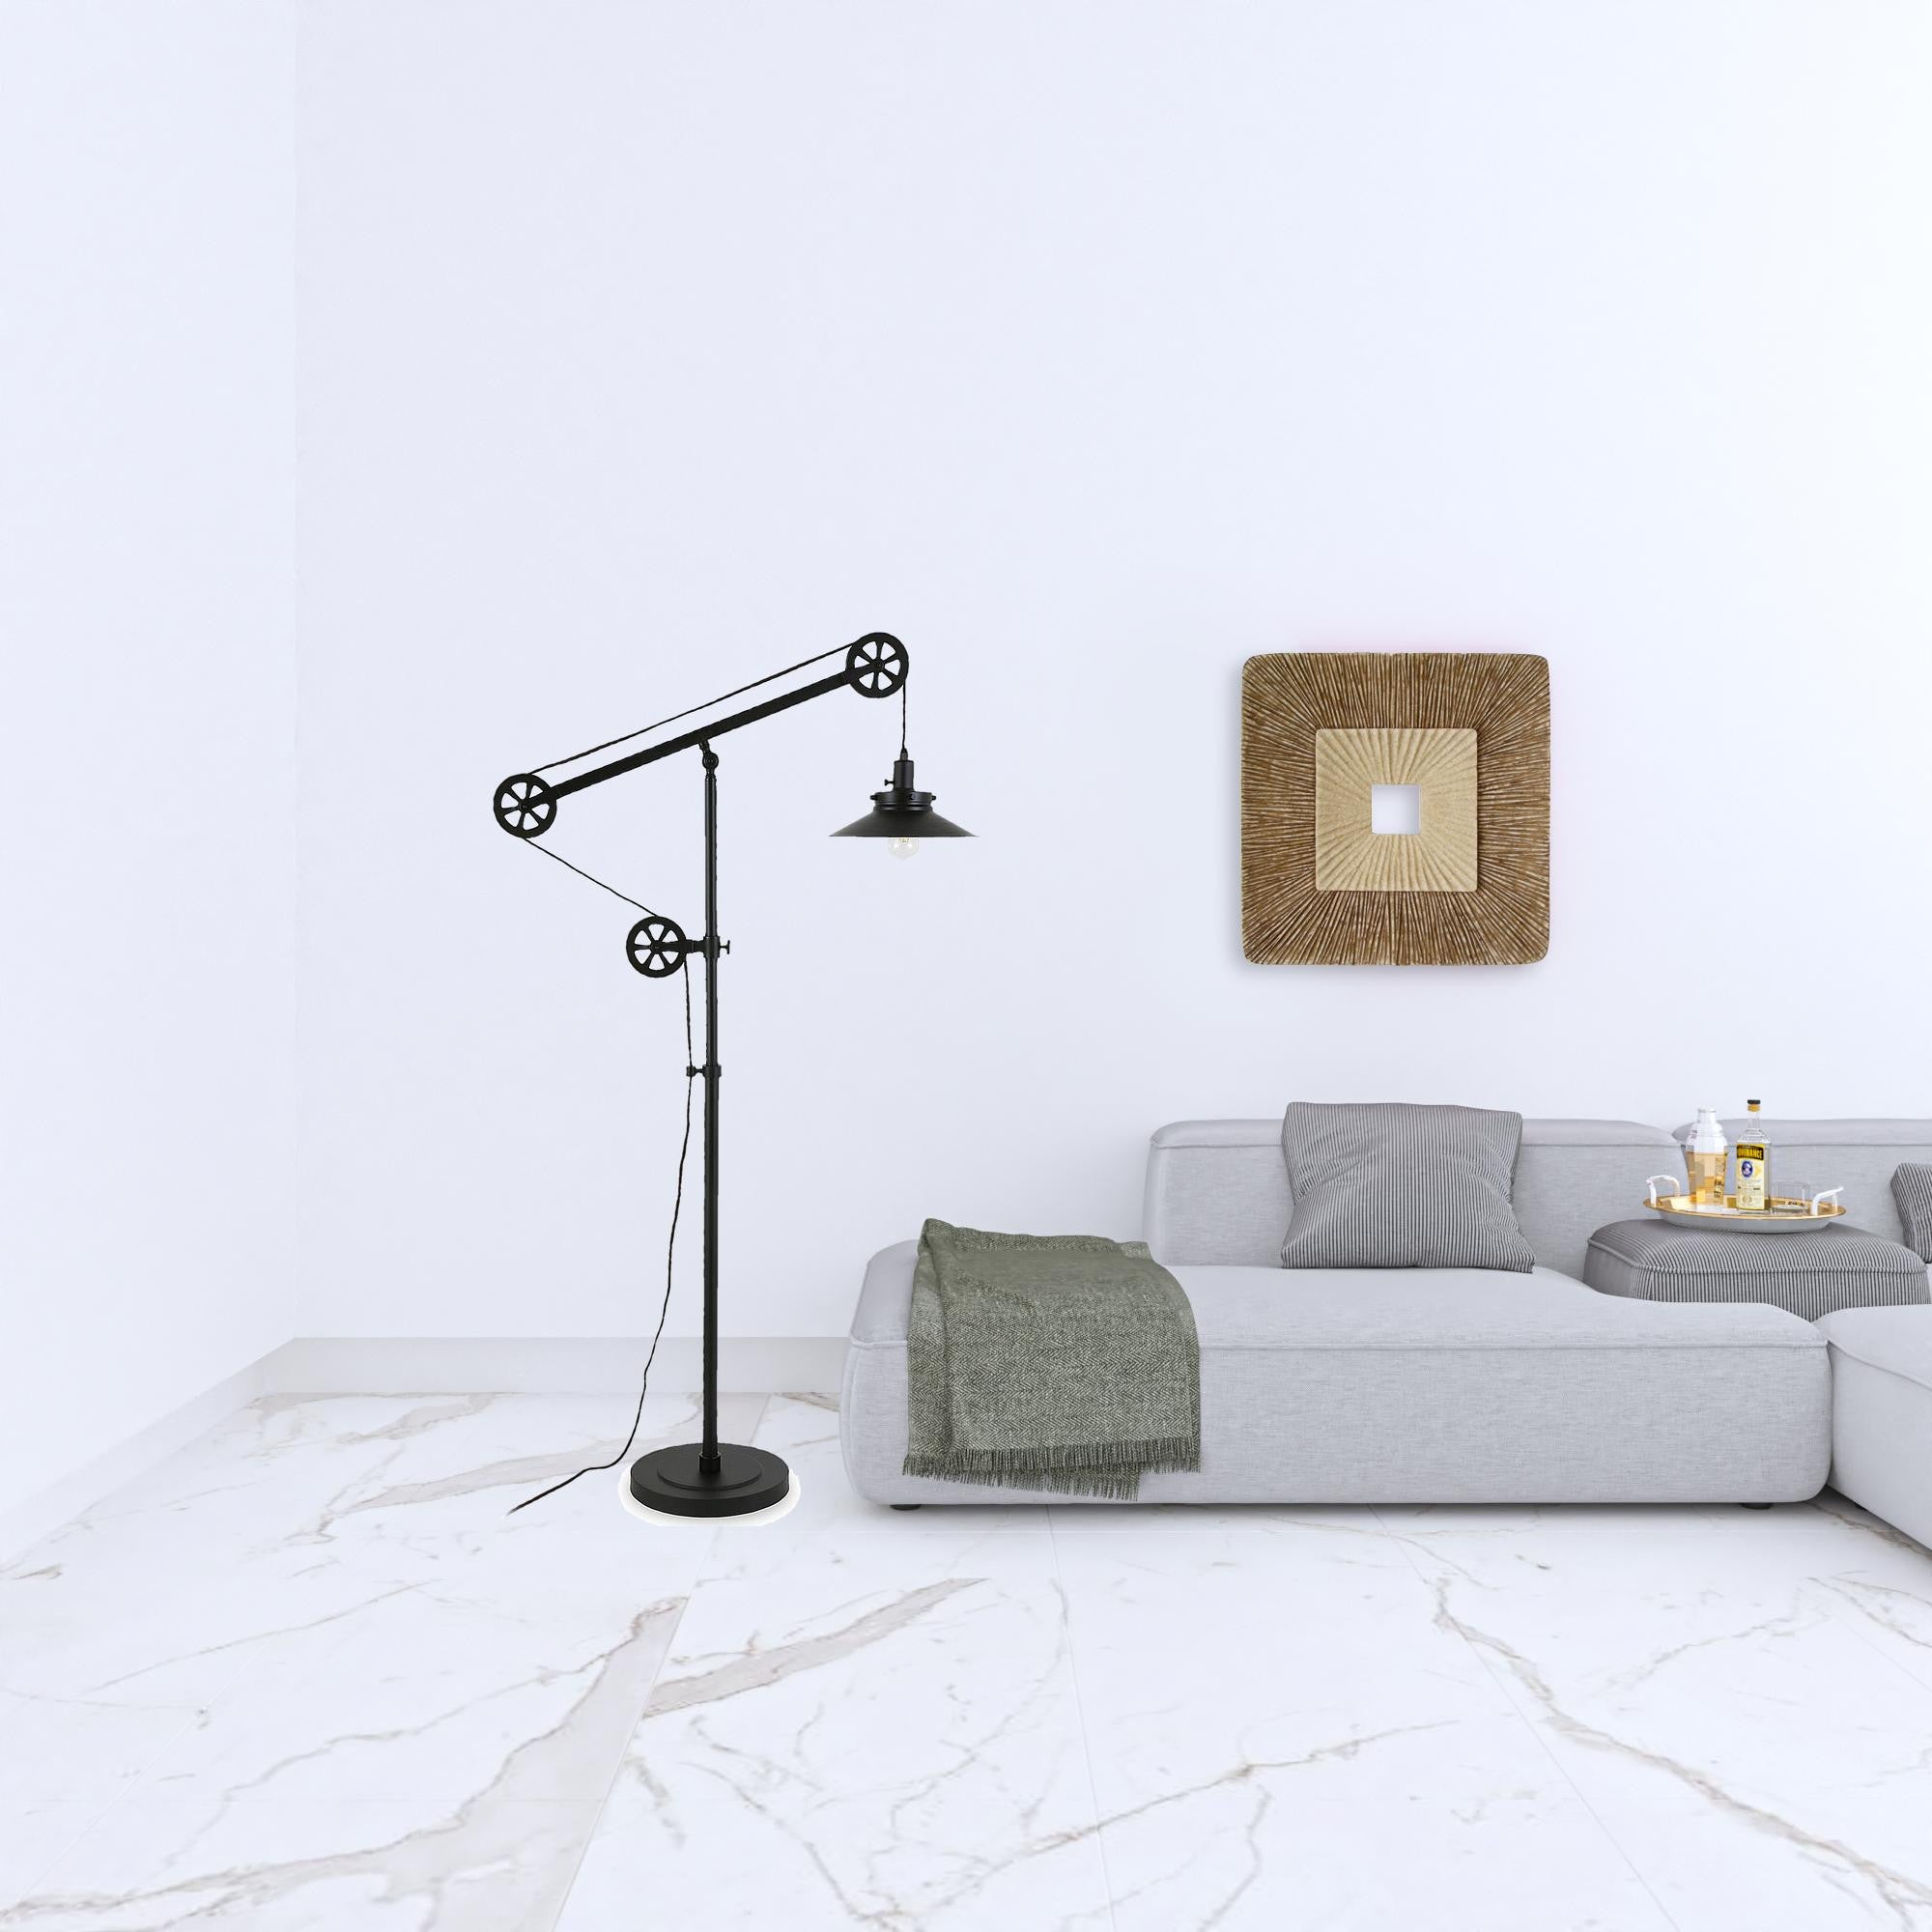 63" Black Reading Floor Lamp With Black Cone Shade
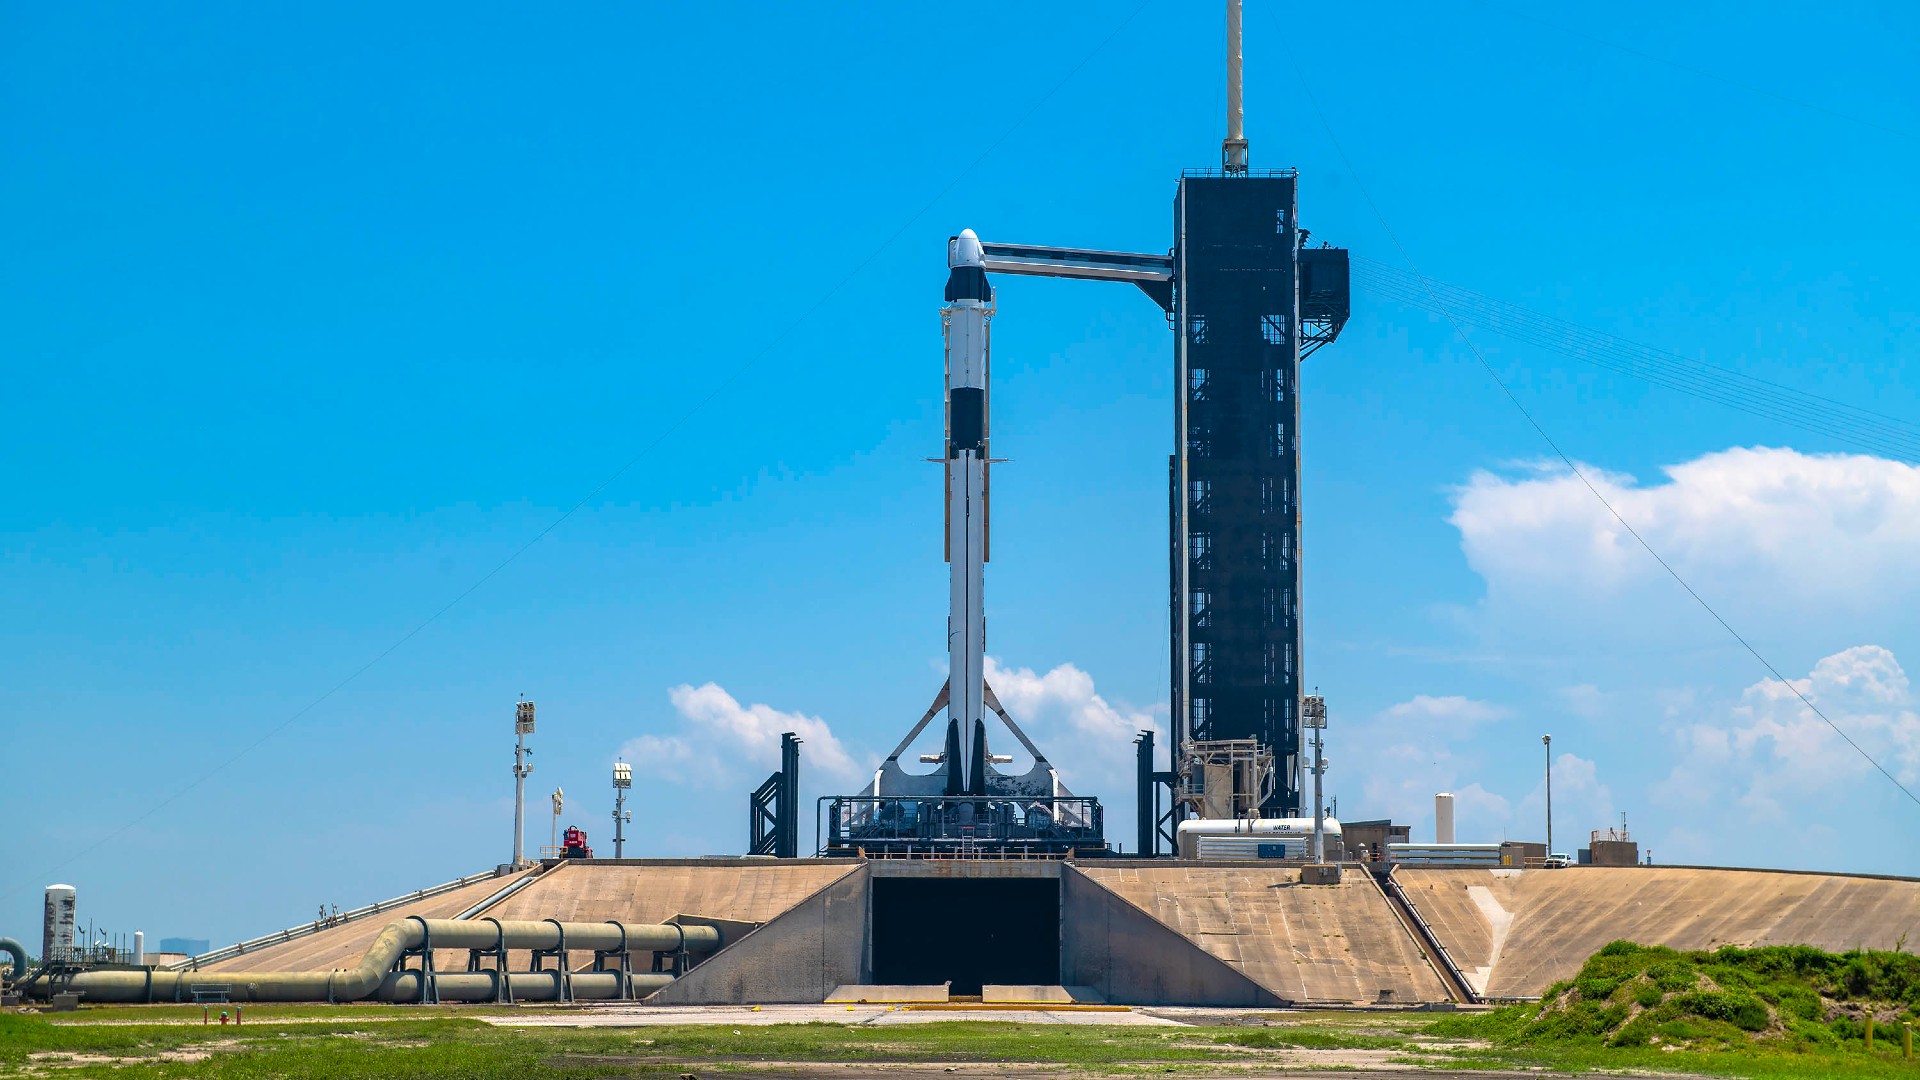 A white rocket on a launch pad under a blue sky
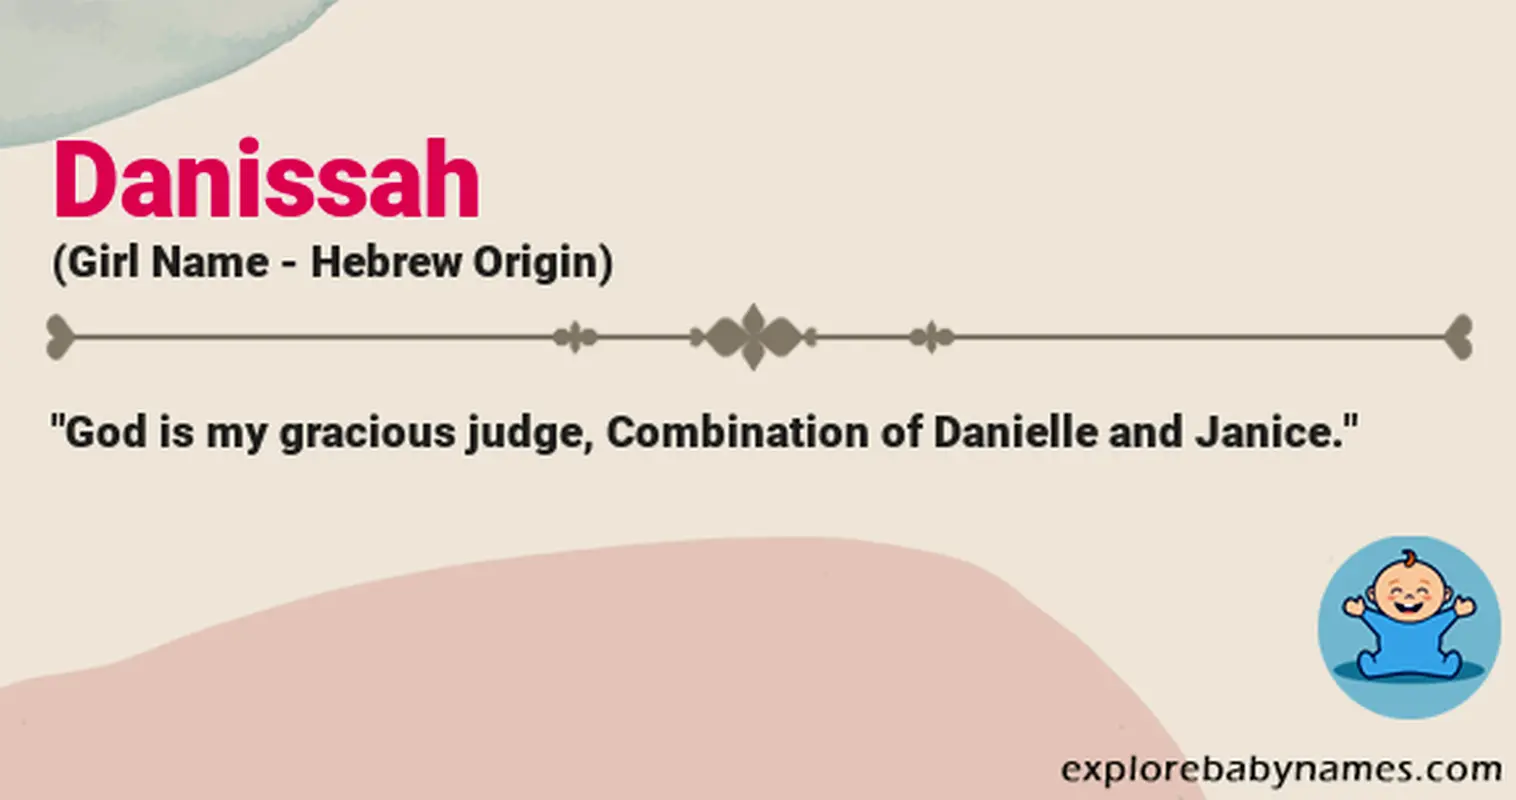 Meaning of Danissah
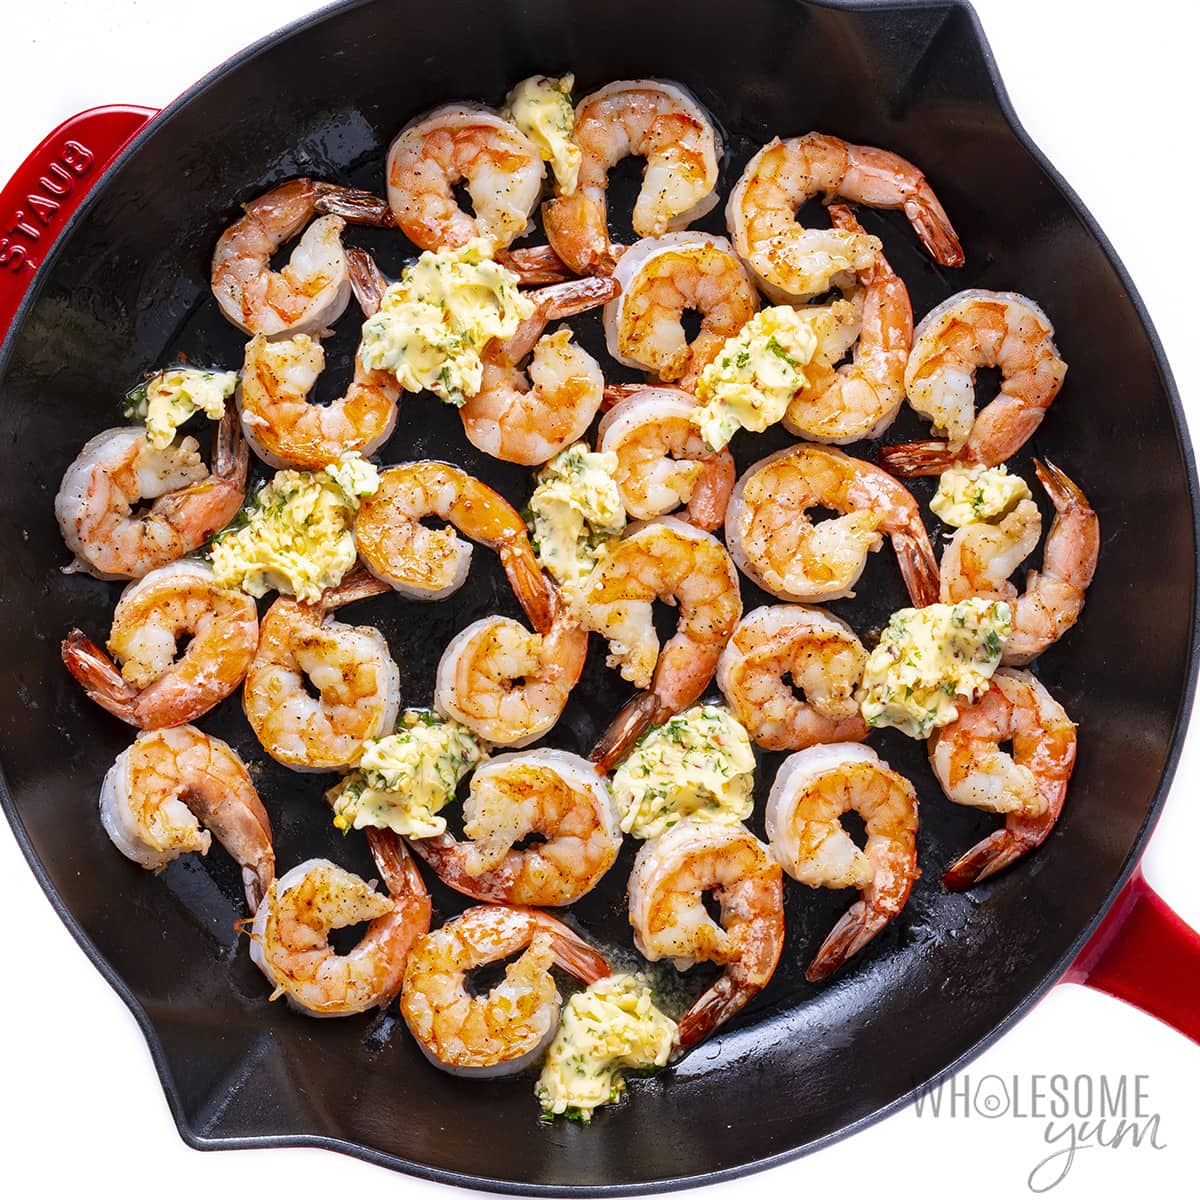 Cooked shrimp with garlic butter melting around it.
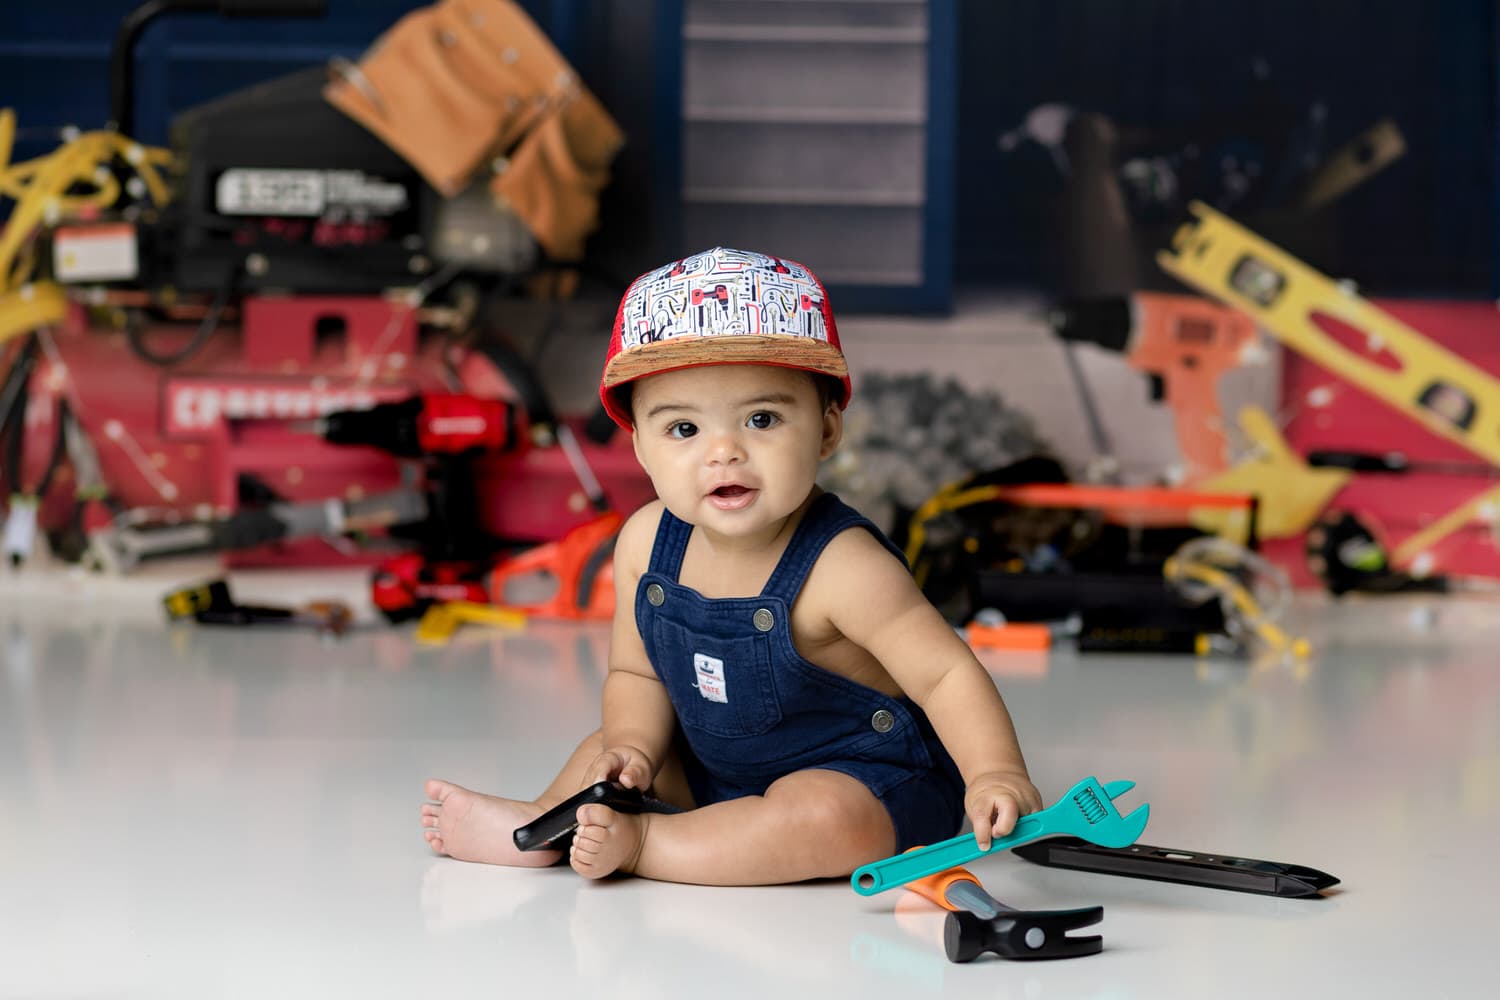 6 month old baby boy on a tool themed photo set

:: Required action ::
Starting at the line that contains "Cooked shrimp with", transcribe every line through the end of the listing exactly, including both end lines and excluding pictures.

:: Answer to the problem ::
 Cooked shrimp with garlic butter melting around it.
 6 month old baby boy on a tool themed photo set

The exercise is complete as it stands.